[Supplied information — start]

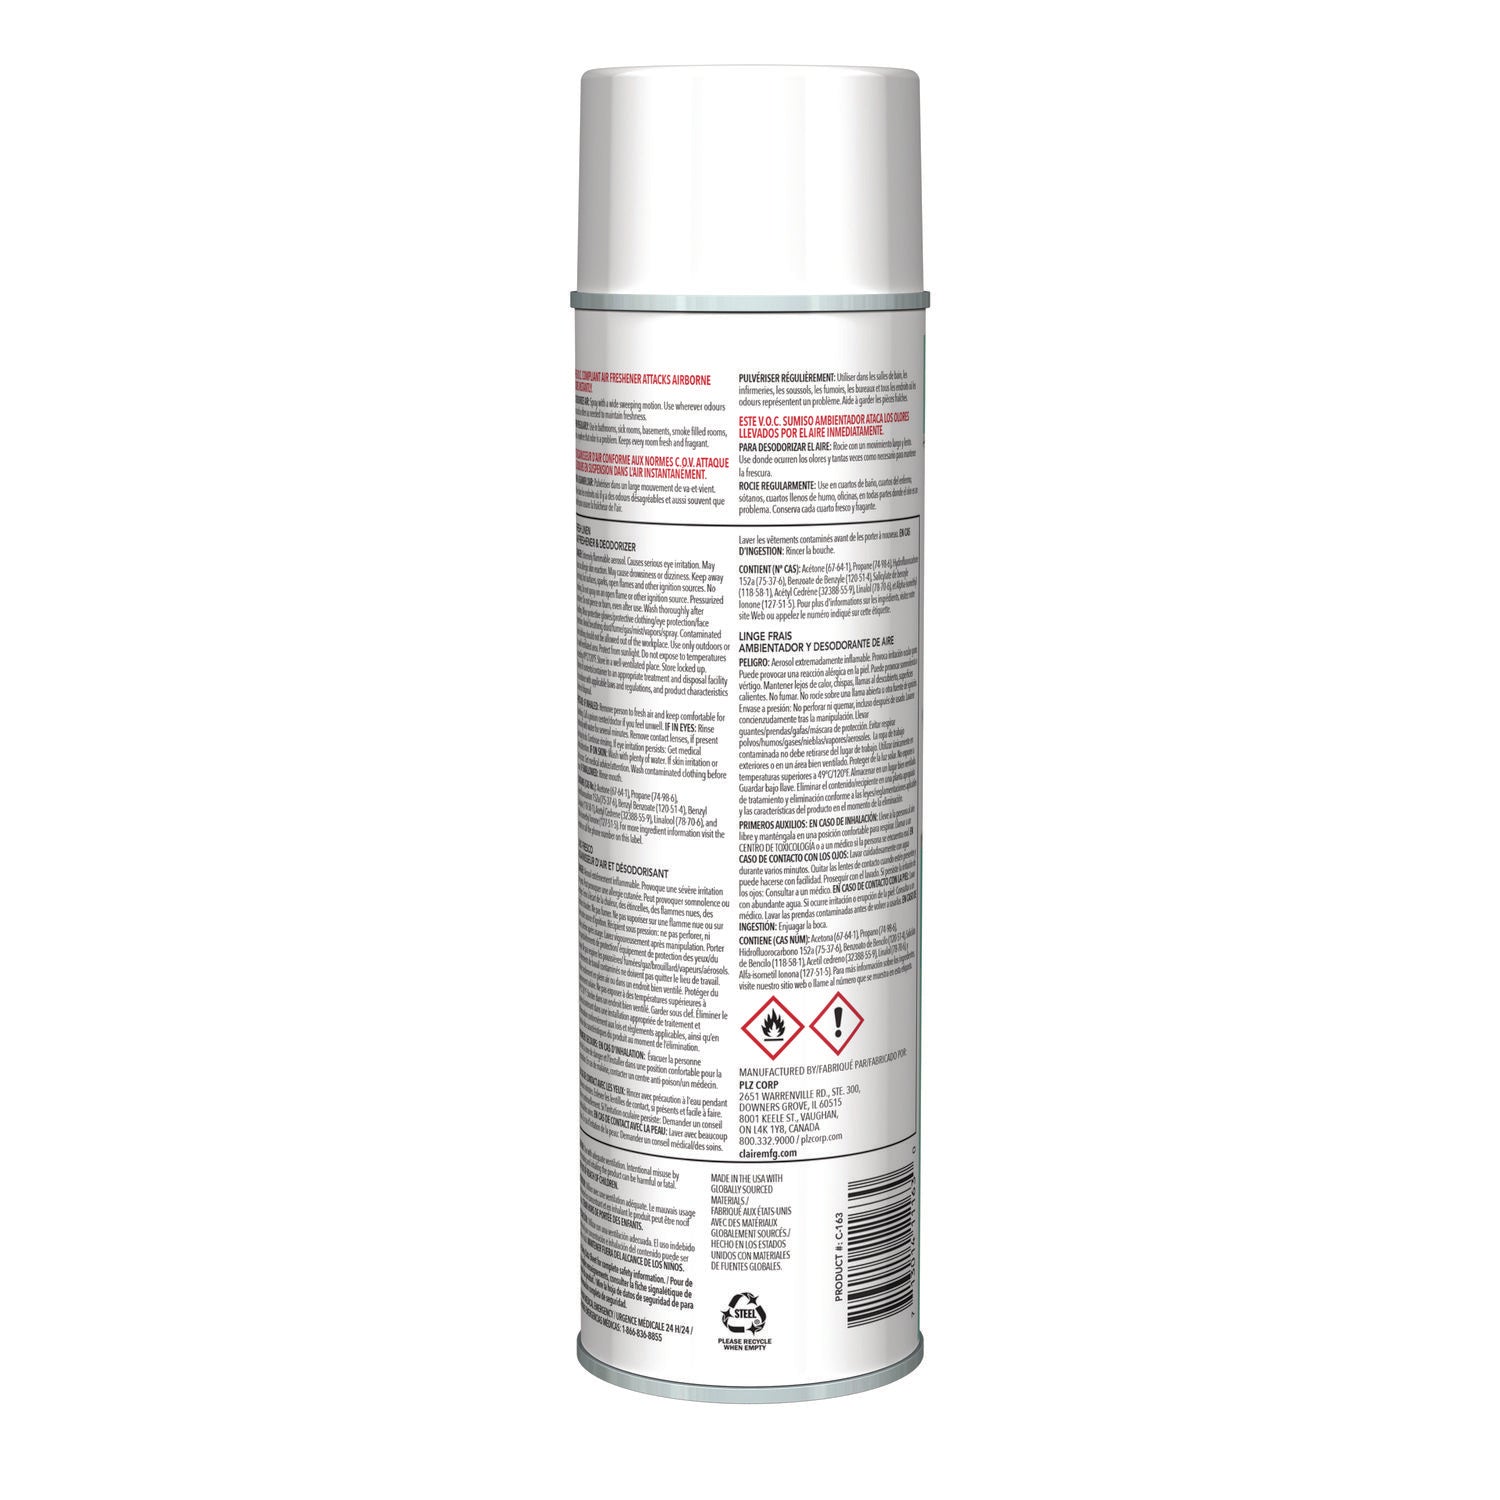 aerosol-air-freshener-and-deodorizer-fresh-linen-10-oz-aerosol-spray-12-cans_cgc163 - 2
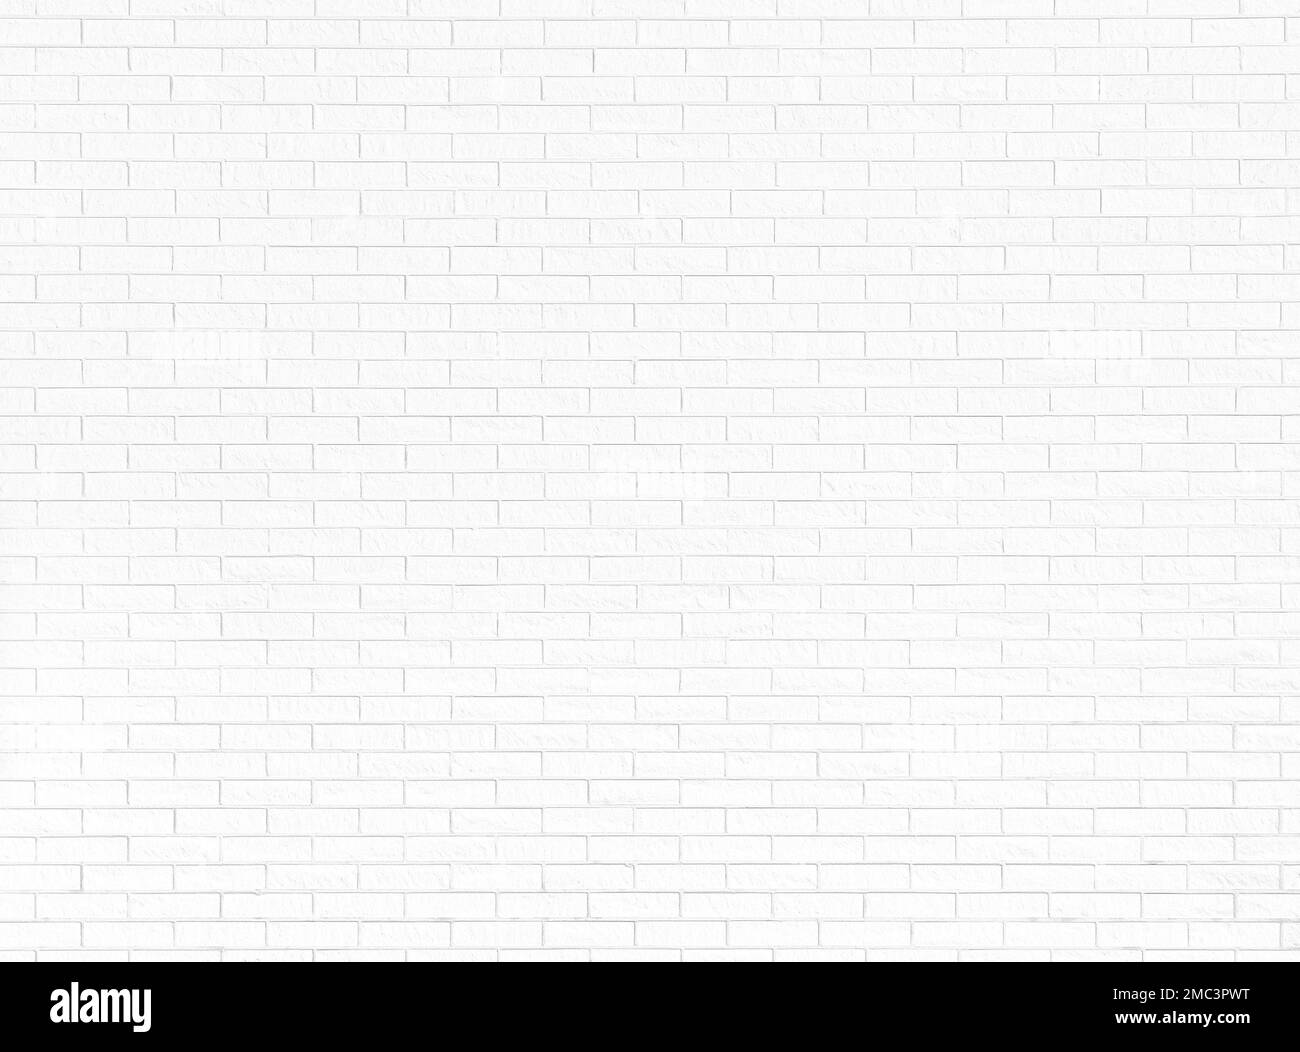 Vista frontale di una nuova e pulita parete di mattoni bianchi. Luminoso sfondo a trama full frame ad alta risoluzione in bianco e nero. Spazio di copia. Foto Stock
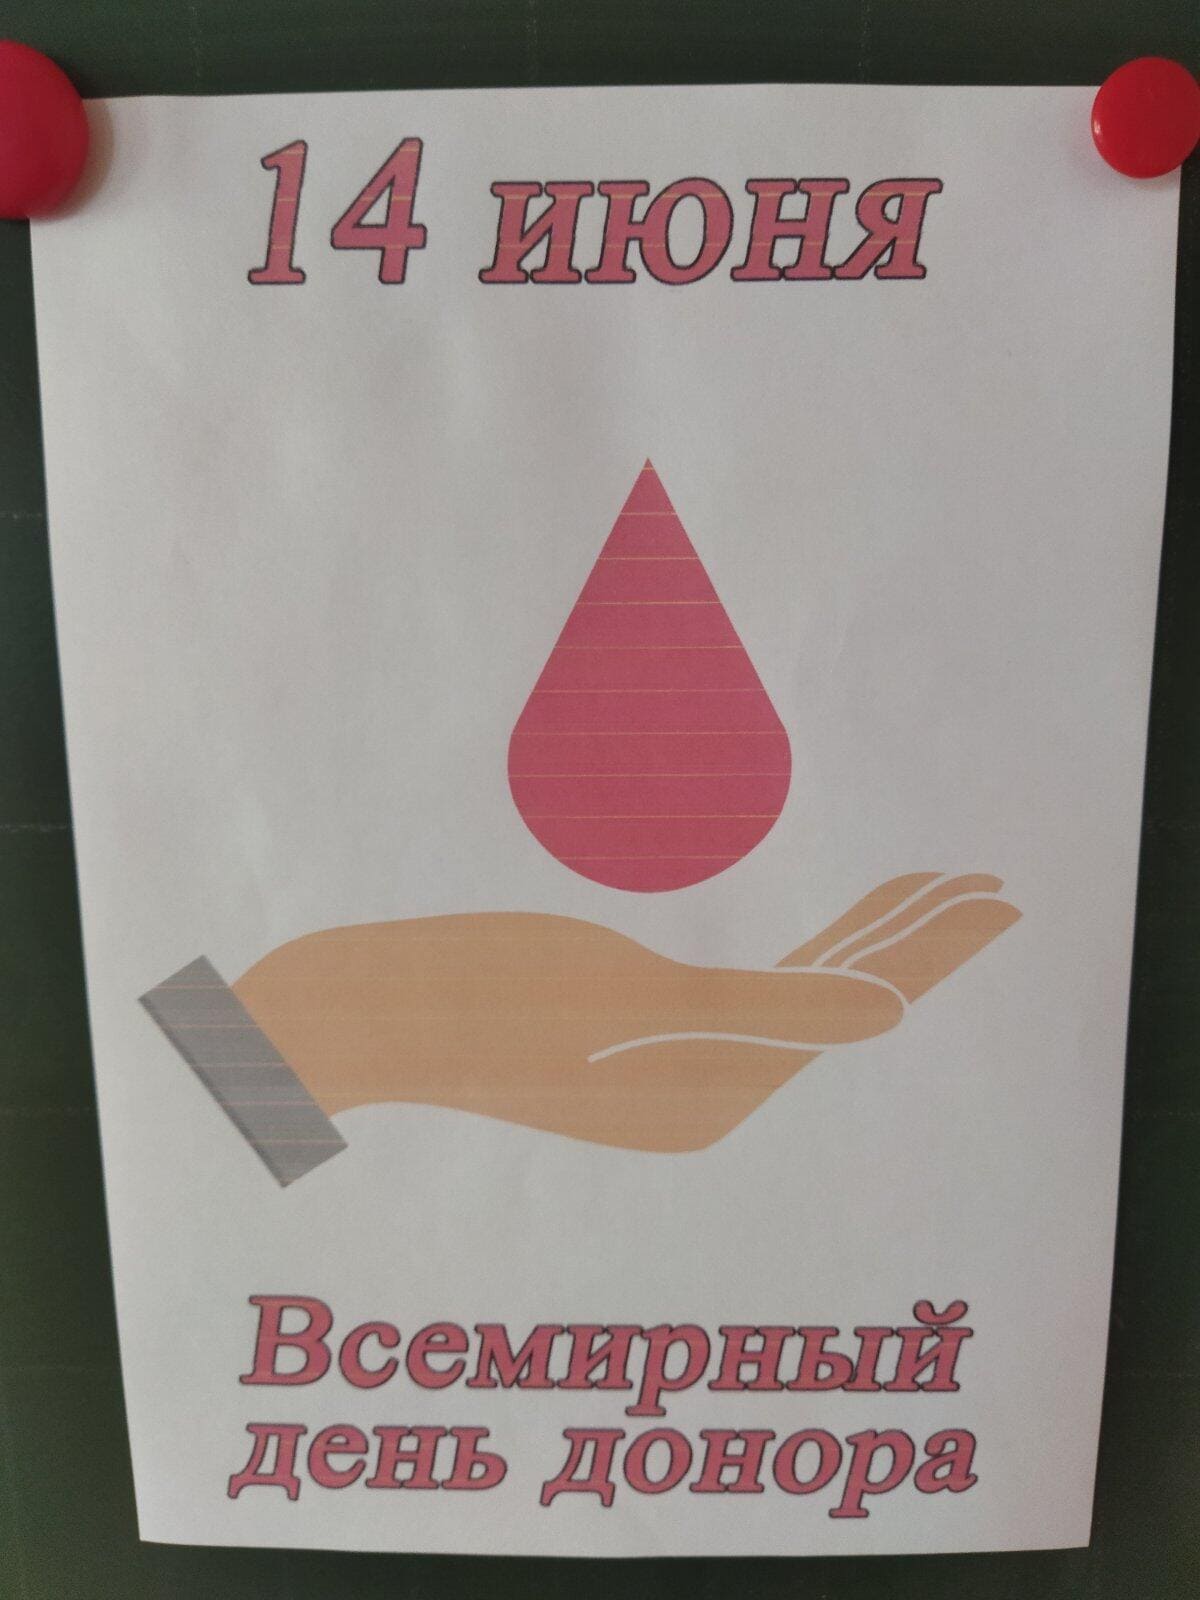 Всемирный день донора крови..

[Supplied information — finish]

Your assignment> The expected answer is the full listing above, transcribed exactly and without pictures.

Result of this task>
 aerosol-air-freshener-and-deodorizer-fresh-linen-10-oz-aerosol-spray-12-cans_cgc163 - 2
 Vista frontale di una nuova e pulita parete di mattoni bianchi. Luminoso sfondo a trama full frame ad alta risoluzione in bianco e nero. Spazio di copia. Foto Stock
 Всемирный день донора крови..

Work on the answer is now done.